Directory listing rules

It's important to define what this is and what it isn't. Here are our guardrails.

✓ Qualifies
✕ Doesn't qualify

One named, accountable human

One real person owns the curation. You can find them: their name, their face, their socials.

A brand, team, or anonymous account

If the answer to "who curated this?" is a company name, "our team", or nobody. It's out. No name, no face, no listing.

A human handpicks what's featured

User submissions are fine. Community contributions are fine. What matters is that one person is editorially responsible for what gets the spotlight: the homepage, the highlights, the picks.

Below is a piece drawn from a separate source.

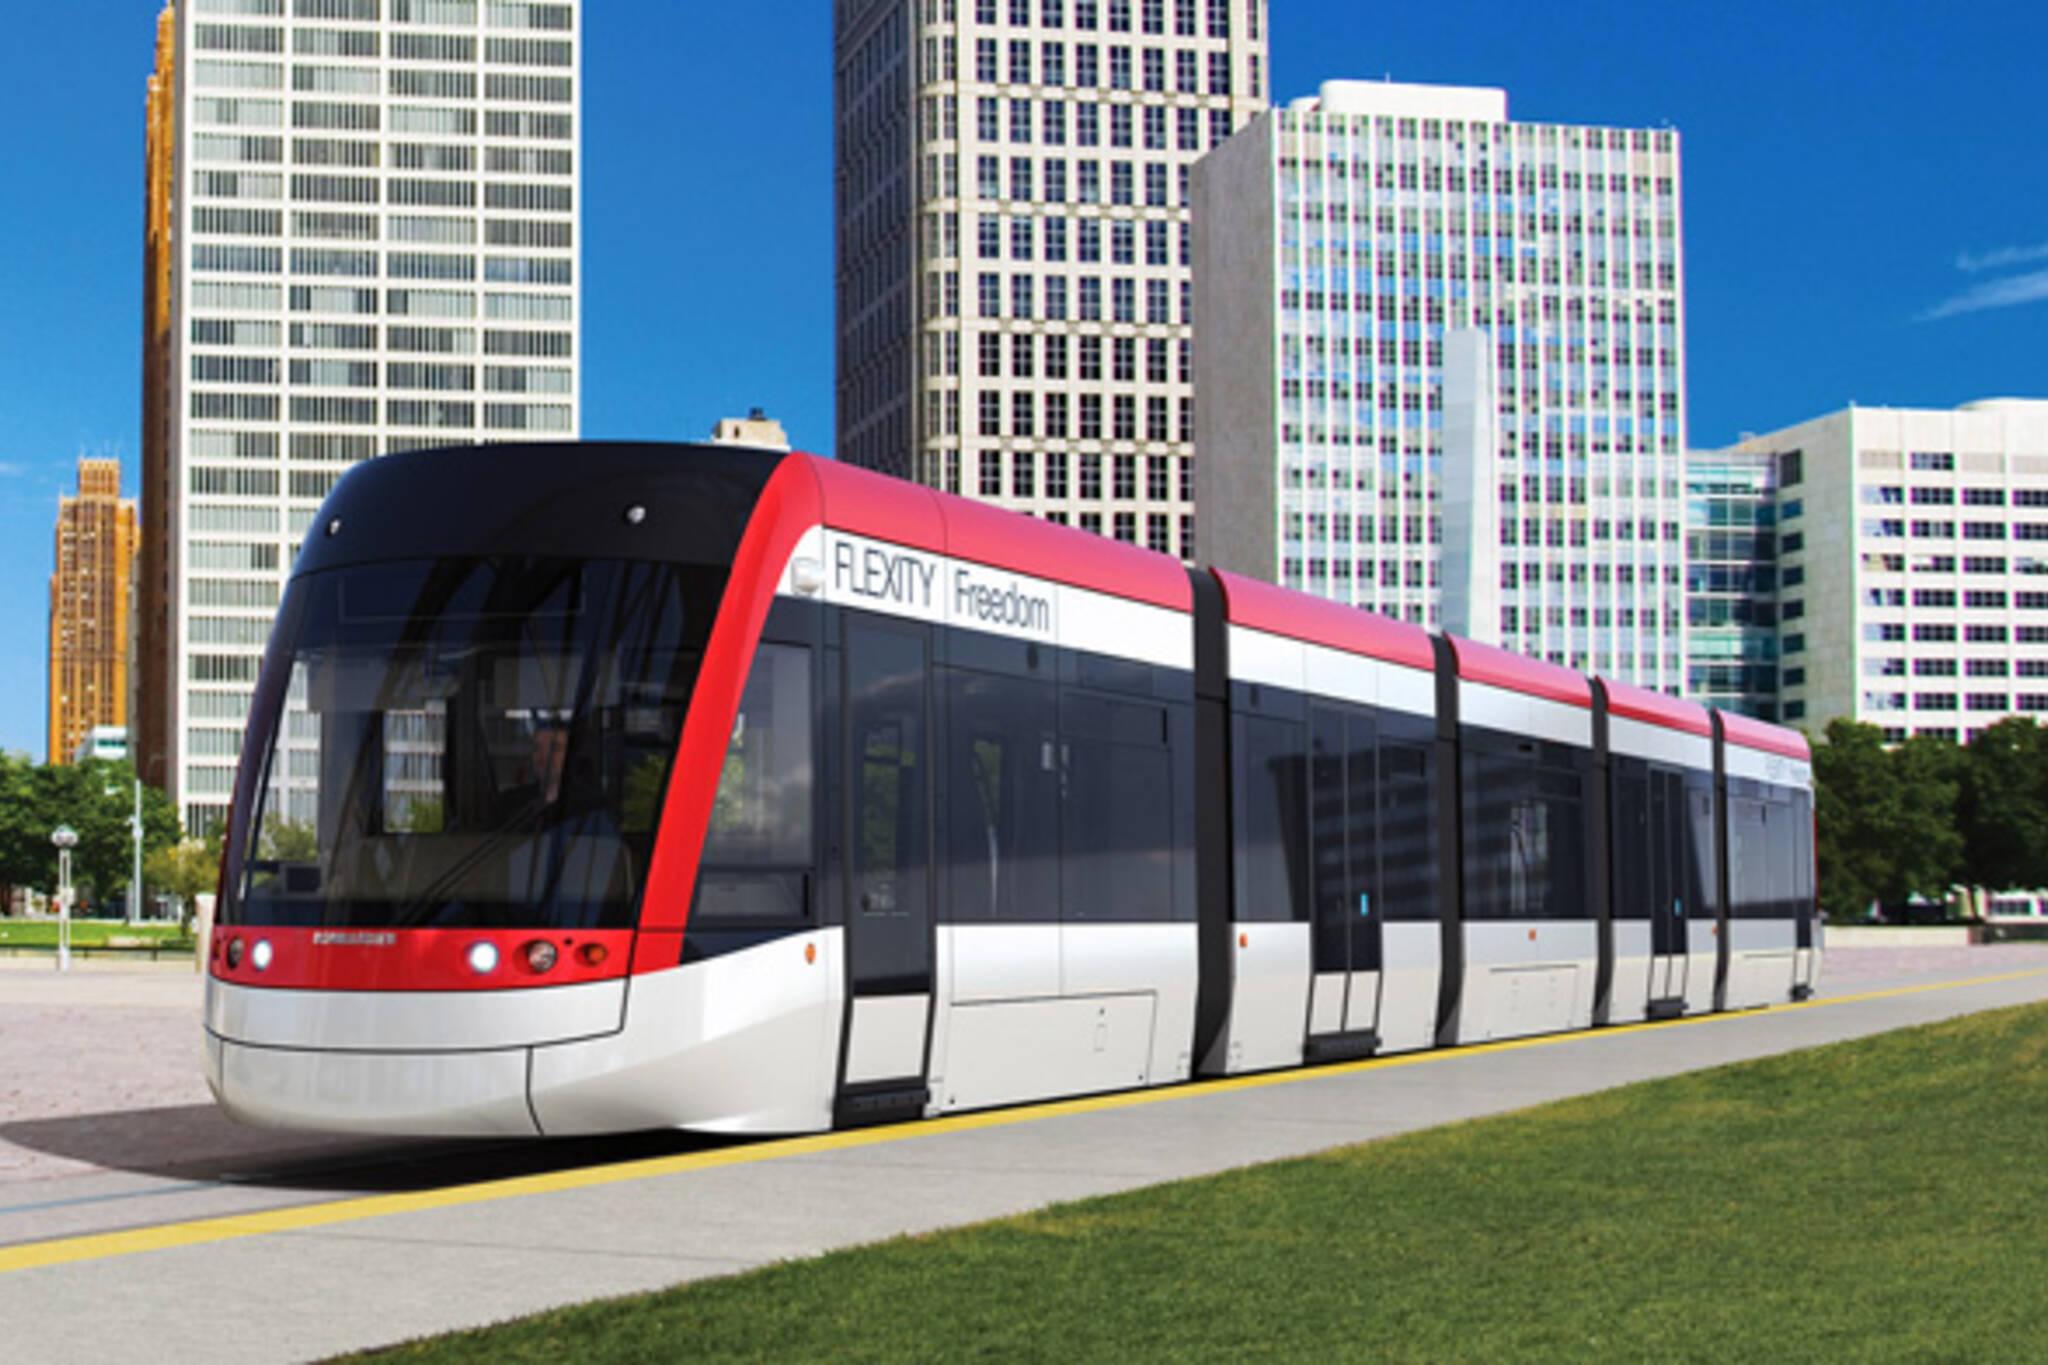 Sheppard LRT Toronto

Curation by public committee or algorithm

A subreddit, a crowd-voted feed, an AI-assembled collection. None of these qualify. If no single human is accountable for what rises to the top, it's not curation.

Curating others' work

Taste applied to the world outside their own output. That's the whole point.

Showcasing only their own work

A portfolio of your own projects, however beautiful, isn't the curation we are celebrating.

Content still reachable

Active posting isn't required. A dormant account with years of posts qualifies. The archive is the value. The test is whether a visitor can reach the content today, on a live domain or an accessible social account.

No surviving presence

A dead domain that redirects elsewhere, with no social archive to fall back on. If the content is gone, the listing goes with it.

Dedicated to a niche

Curation is clearly the purpose. Close-enough niches are fine: stamps and postcards would qualify together. The test: if you landed cold, would you call it "a curated collection of X"?

A category, a post, or a side section

A blog with a stamps category isn't a curation resource. A roundup post isn't either. If curating is a side effect rather than the point, it doesn't qualify.